What I think I want out of a hypothetical
nfsiotop for Linux
I wish there was a version of Linux's nfsiostat that worked gracefully when you have several hundred NFS mounts across multiple NFS fileservers.
(I'm going to have to write one, aren't I.)
Linux exposes a very large array of per-filesystem NFS client
/proc/self/mountstats (see here)
and there are some programs that digest this data and report it,
such as nfsiostat(8). Nfsiostat
generally works decently to give you useful information, but it's
very much not designed for systems with, for example, over 250 NFS
mounts. Unfortunately that describes us, and we would rather like
to have a took which tells us what the NFS filesystem hotspots are
on a given NFS client if and when it's clearly spending a lot of
time waiting for NFS IO.
As suggested by the name, a hypothetical
nfsiotop would have to
only report on the top N filesystems, which raises the question of
how you sort NFS filesystems here. Modern versions of nfsiostat
sort by operations per second, which is a start, but I think that one
should also be able to sort by total read and write volume and
probably also by write volume alone. Other likely interesting things
to sort on are the average response time and the current number of
operations outstanding. An ideal tool would also be able to aggregate
things into per fileserver statistics.
(All of this suggests that the real answer is that you should be able to sort on any field that the program can display, including some synthetic ones.)

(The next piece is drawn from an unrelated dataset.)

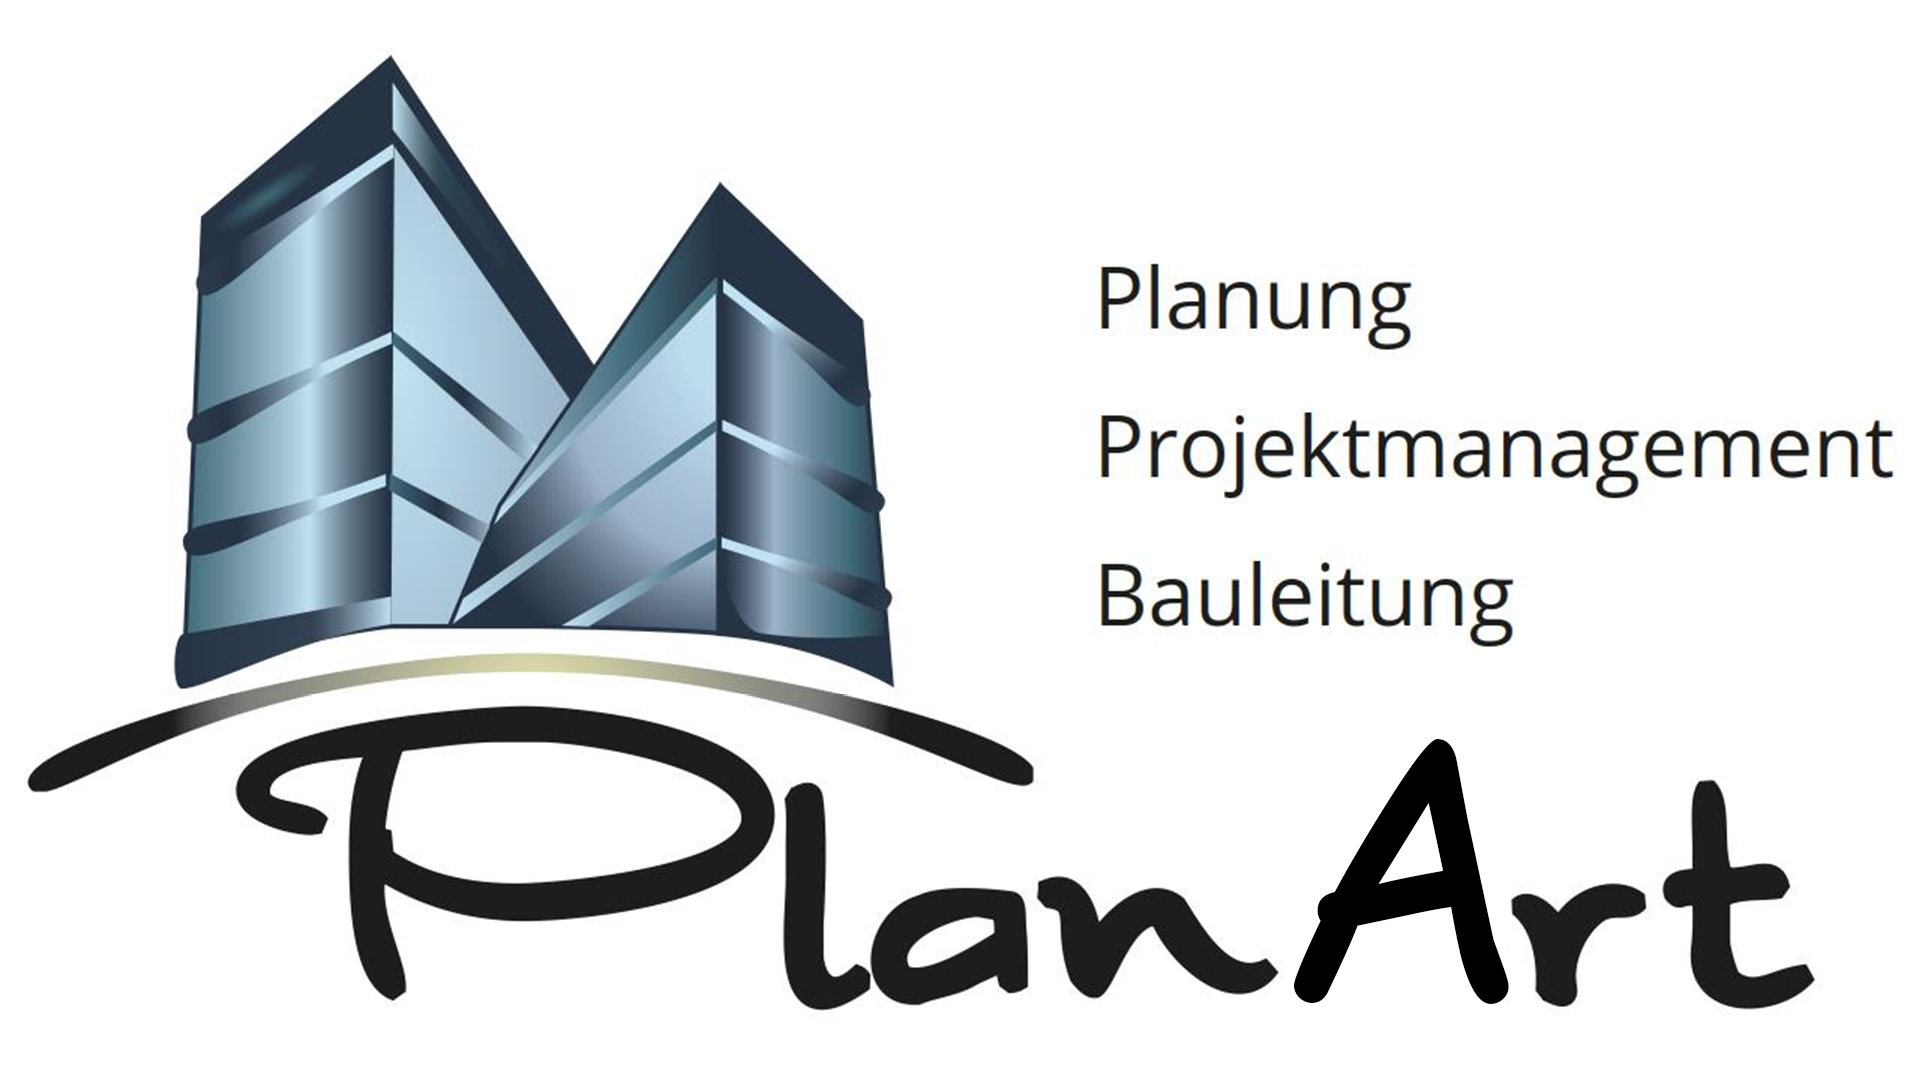 PlanArt – Wir Bauen Zukunft
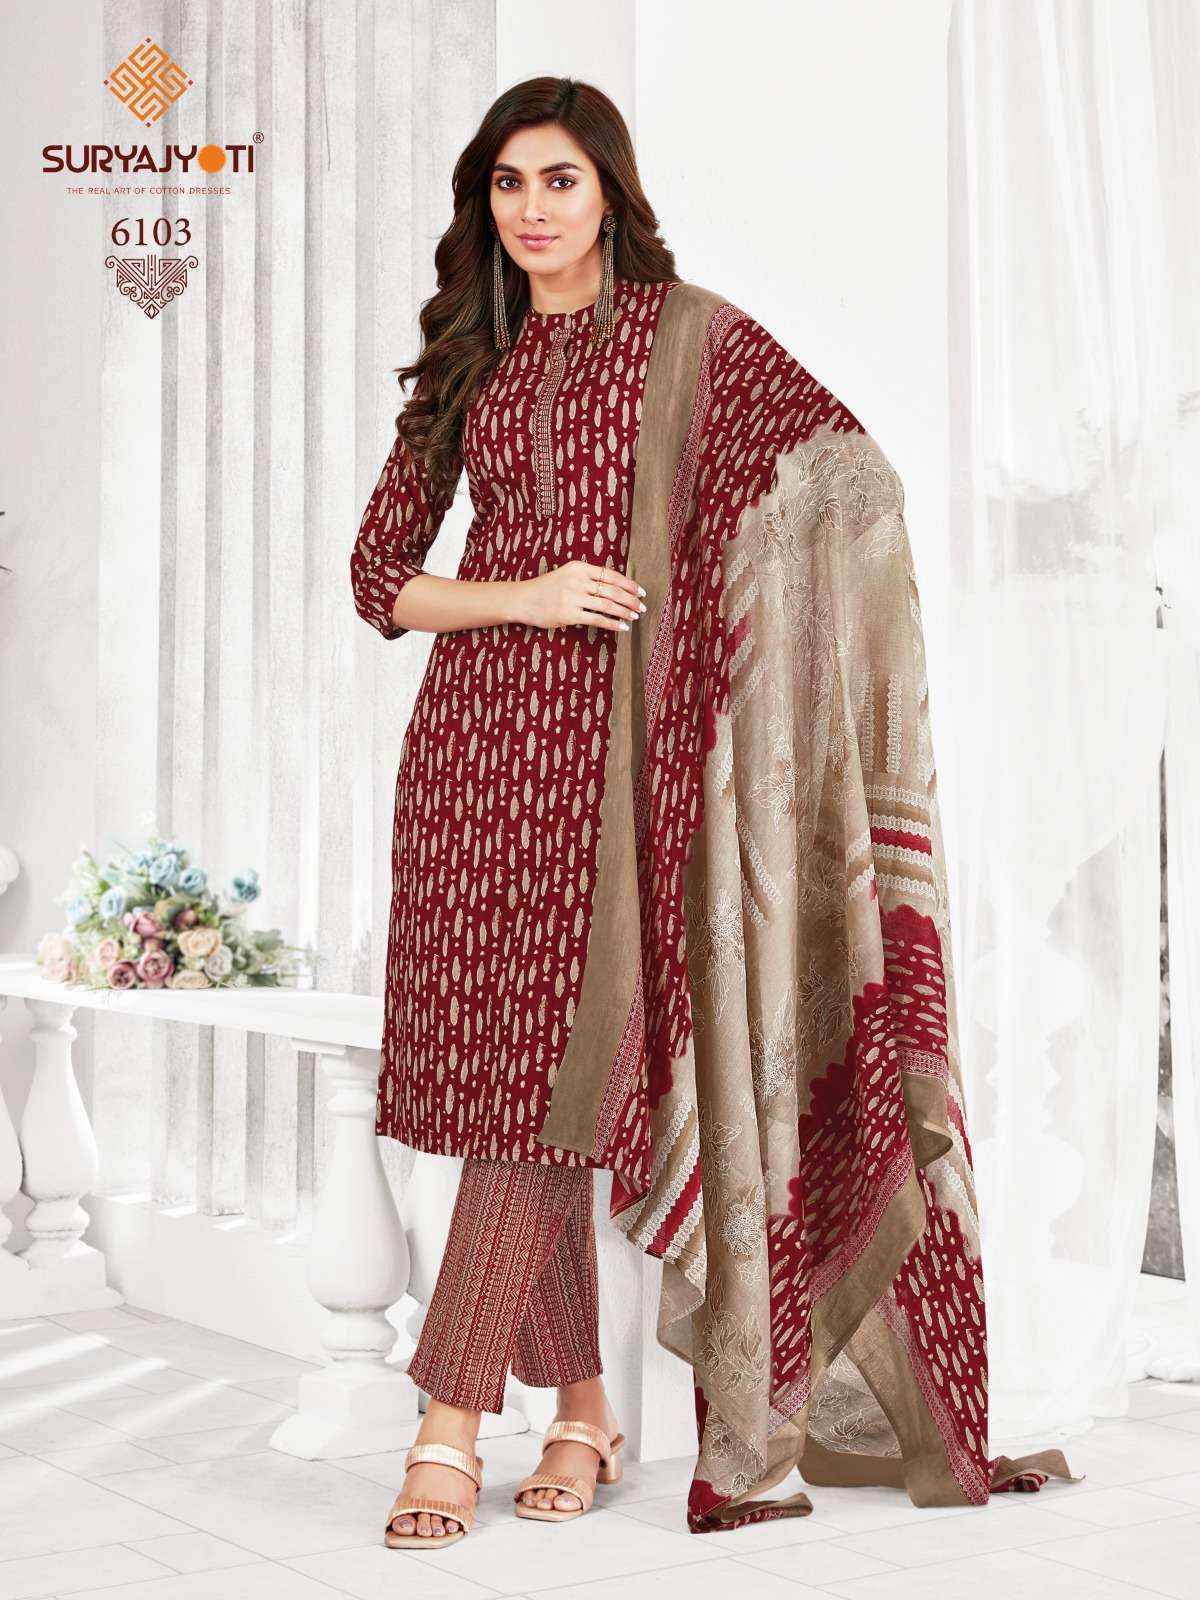 Suryajyoti Trendy Cotton Vol 61 Cotton Dress Material 20 pcs Catalogue

As my aside in the tweet suggests, I suspect that I'm going to have
to write this myself, and probably mostly from scratch. While
nfsiostat is written in Python and so is probably reasonably
straightforward for me to modify, I suspect that it has too many
things I'd want to change. I don't want little tweaks for things
like its output, I want wholesale restructuring. Hopefully I can
reuse its code to parse the
mountstats file, since that seems
reasonably tedious to write from scratch. On the other hand, the
current nfsiostat Python code seems amenable to a quick gut job to
prototype the output that I'd want.
(Mind you, prototypes tend to drift into use. But that's not necessarily a bad thing.)
PS: I've also run across kofemann/nfstop, which has some interesting features such as a per-UID breakdown, but it works by capturing NFS network traffic and that's not the kind of thing I want to have to use on a busy machine, especially at 10G.
PPS: I'd love to find out that a plausible nfsiotop already exists, but I haven't been able to turn one up in Internet searches so far.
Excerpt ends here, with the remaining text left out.